The missense MC4R: c.92 C > T polymorphism results in L31P change. The effect of this MC4R protein change was predicted as bening and probably bening by bioinformatics tools. Considering the findings that the C allele was identified as a risk allele for obesity and that the CC genotype was associated with higher fBMI, bioinformatic predictions indicate that these effects are not due to a structural change in the MC4R protein. However, due to proline’s special side chain, leucine-proline change might affect protein-protein interactions in metabolic pathways involving MC4R. Studies in humans have revealed that mutations in genes encoding transmembrane proteins are generally associated with diseases. It is reported that the majority of disease-associated mutations result in a leucine-proline change (Molnar et al. 2016).
The novel SNP c.202G > A (ss11356259660) identified in the current study causes A68T substitution, which was predicted as probably damaging by bioinformatic tools. The statistically significant association between GA genotype and increased fBMI might be explained by this damaging effect on MC4R protein. Other novel SNP associated with fBMI is a non-synonymous polymorphism c.298G > A (ss11356259661) resulting in E100K change. In this study, GA genotype was found to be significantly associated with higher fBMI than GG. Two bioinformatic tools gave distinct results for the effect of glutamic acid-lysine substitution. While PolyPhen-2 predicted its effect as possibly damaging, PANTHER predicted it as probably bening.

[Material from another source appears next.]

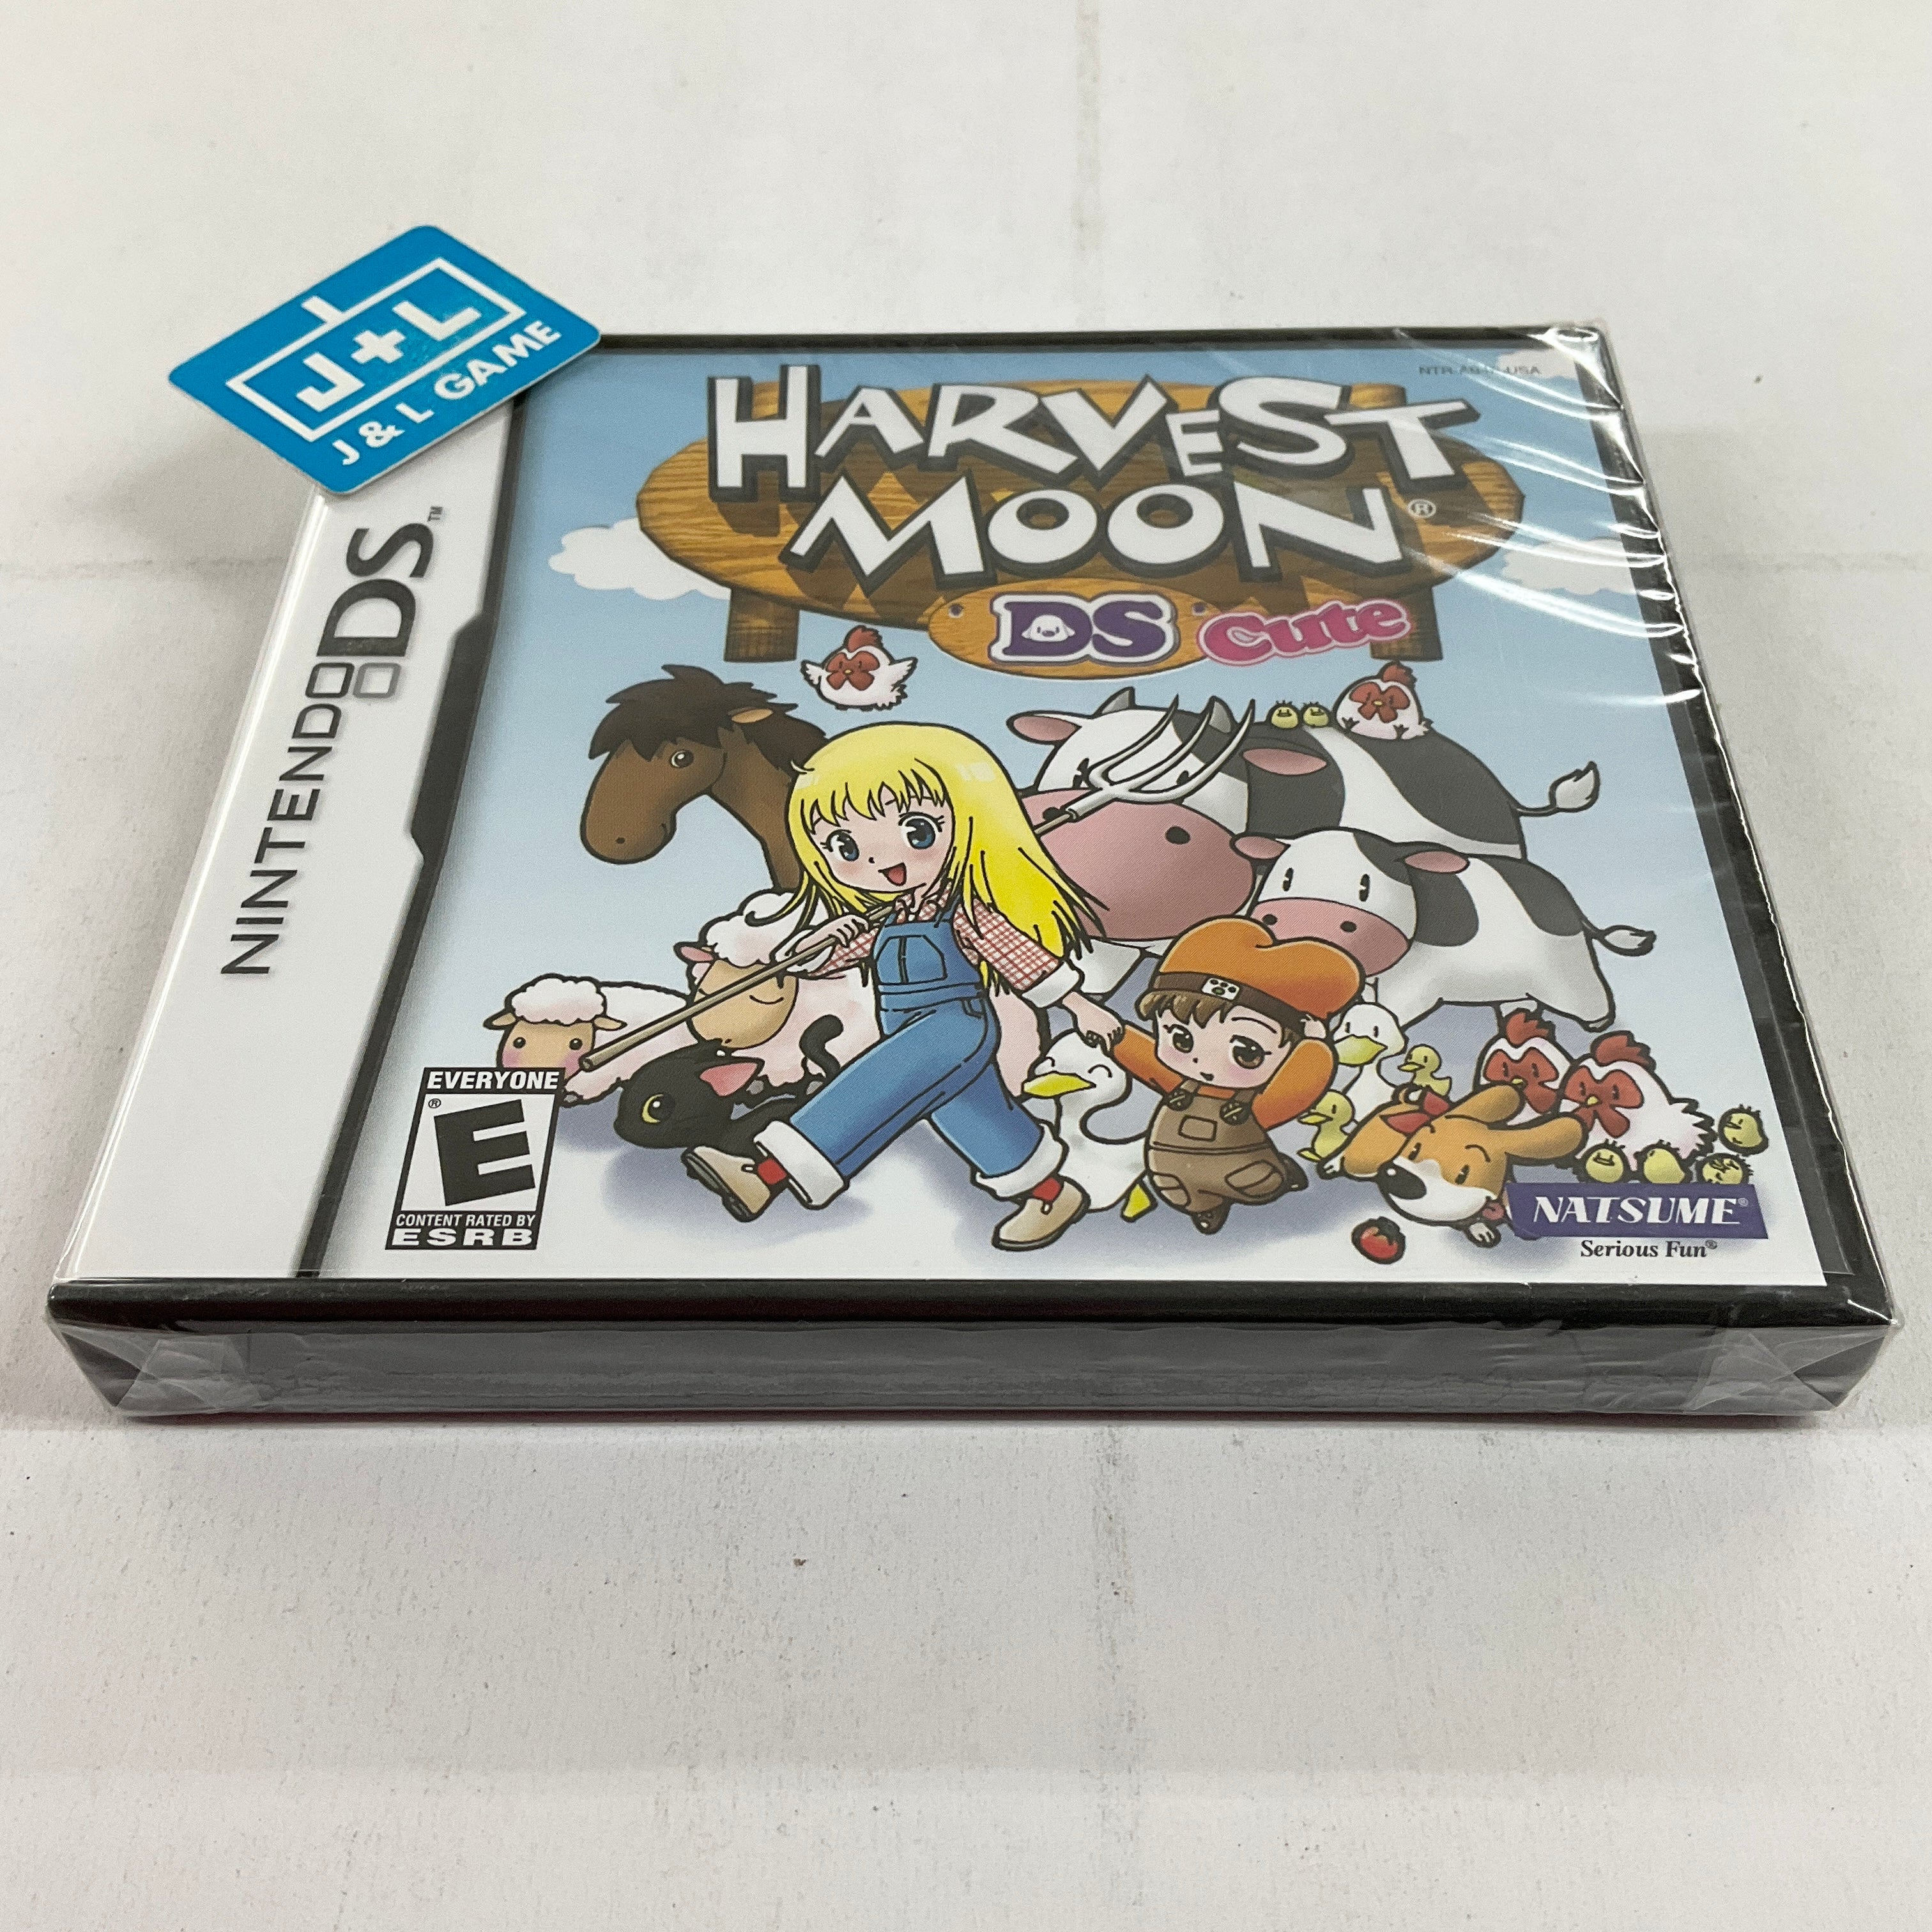 Harvest Moon DS Cute - (NDS) Nintendo DS Video Games Natsume

This difference between the tools may be due to the algorithm approach they use (Güvendi et al. 2024). Glutamic acid and lysine have different chemical properties, the former is an acidic amino acid and the latter is a basic amino acid. Substitution of these two chemically different amino acids might have effects both within the protein molecule and in the interaction between MC4R protein and other molecules.
In conclusion, results of this study suggest that the MC4R gene might be a candidate gene for obesity in cats. Three non-synonymous SNPs (rs78363632116, ss11356259660 and ss11356259661) in the MC4R gene were found to be statistically associated with BCS and/or fBMI in cats. Further studies on cat samples from different countries and breeds would shed light on the relationship between this gene and obesity and will be useful in revealing the molecular role of MC4R protein in energy metabolism in cats.